L’Appel se réfère à toutes les formes de “contenus terroristes et extrémistes violents” sans mentionner directement le terrorisme d’extrême droite,

bien que ce soit la nature de l’attaque de Christchurch. Cette approche, qui vise à obtenir une acceptation plus large, sape la force et l’efficacité de l’appel parce que différentes formes de contenu terroriste se comportent et se propagent différemment en ligne. D’après une étude récente de Tech Against Terrorism, la moitié des plateformes préférées d’ISIS (depuis 2016) ont été créées par des individus ou des petits groupes d’individus. En d’autres termes, les géants du net ne sont pas les seuls théâtres des contenus terroristes. Selon la même étude, près de la moitié des sites les plus utilisés par les terroristes jihadistes sont des sites de partage de fichiers et d’autres services de stockage en nuage, ce qui donne à penser que le problème ne se limite pas à la diffusion virale sur les réseaux sociaux.

L’absence notable de certaines plateformes.

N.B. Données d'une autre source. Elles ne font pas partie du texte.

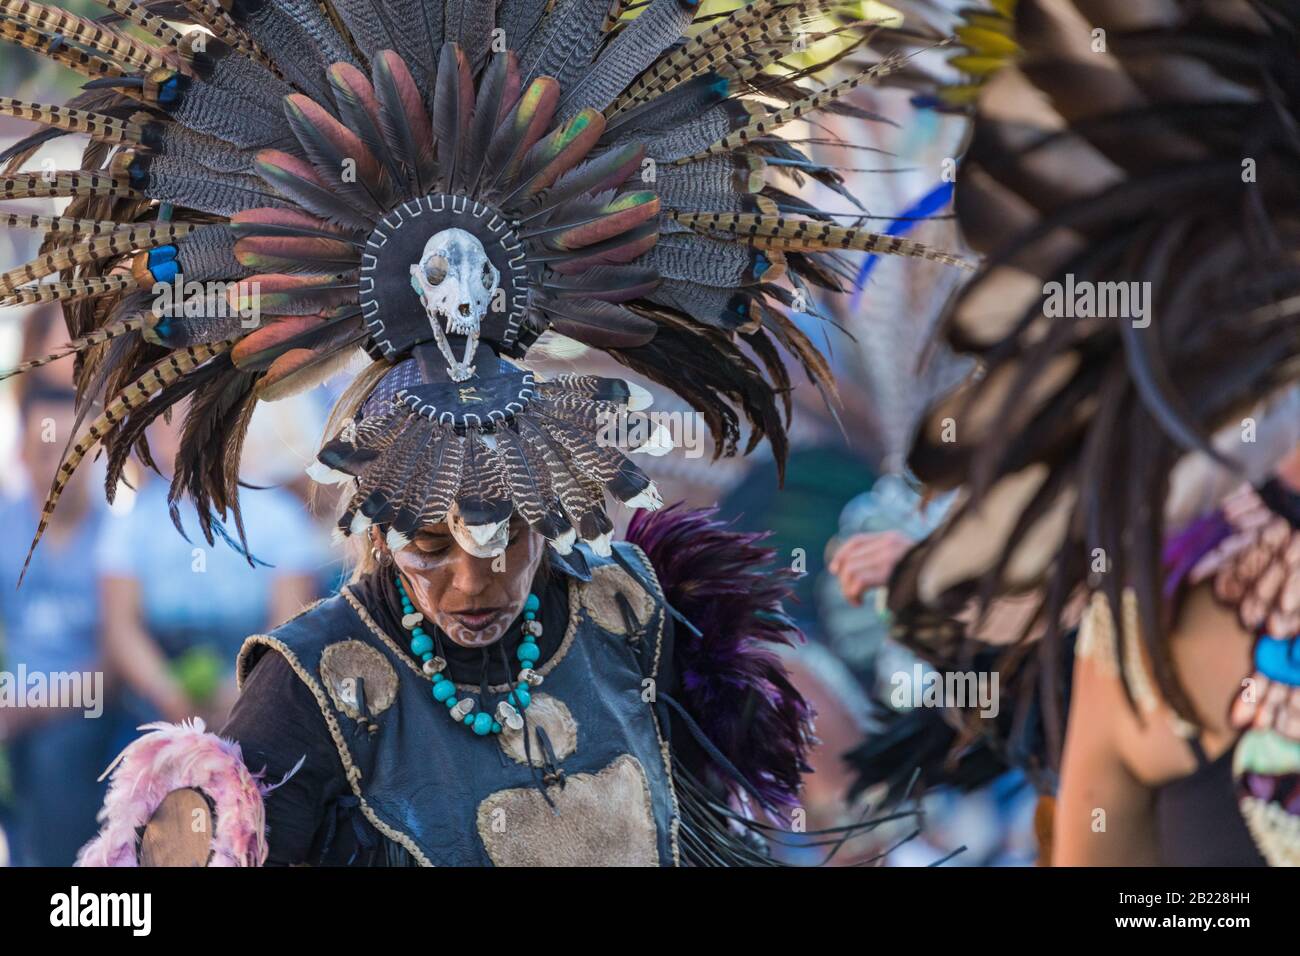 MEXICO, MEXIQUE - 17 FÉVRIER 2020 : danseuses aztèques en costumes traditionnels dansant dans le Zocalo à Mexico, DF, Mexique. Banque D'Images

L’extrémisme de droite est souvent “protégé” par les notions de vie privée et de liberté d’expression (et par la logique du premier amendement aux États-Unis). L’interdiction récentedes nationalistes blancs sur Facebook et des figures de la haine radicale comme Alex Jones et Milo Yiannopolous représentent un pas important. Mais ces acteurs et cette violence trouvent refuge sur d’autres plateformes, telles que Discord et 8chan  (où l’attaquant de Christchurch a trouvé du soutien pour son idéologie et où il a communiqué durant l’attaque).

Quelles suites après cet Appel ?

L’absence notable de la société civile dans les négociations.

Définir ces contenus et les modalités de lutte à leur encontre exige un effort de collaboration de la part des gouvernements, de l’industrie et de la société civile. L’Appel de Christchurch a ainsi été critiqué pour son incapacité à intégrer la société civile de manière significative dans le processus de discussion. Le 14 mai, la veille de l’annonce, la première ministre, Jacinda Ardern, a tenu une réunion avec des représentants de la société civile. Ils ont produit un document de contribution collective, dont la première préoccupation concerne l’absence de définitions précises.

Les prochaines étapes.

L’Appel de Christchurch sera discuté lors du Sommet du G7 à Biarritz où les ministres négocieront une charte pour lutter contre les contenus violents dans une acception plus large. La participation future de la société civile dans ces processus n’est aujourd’hui pas précisée, tout comme les plans d’action qui découleront de ces textes de diplomatie internationale.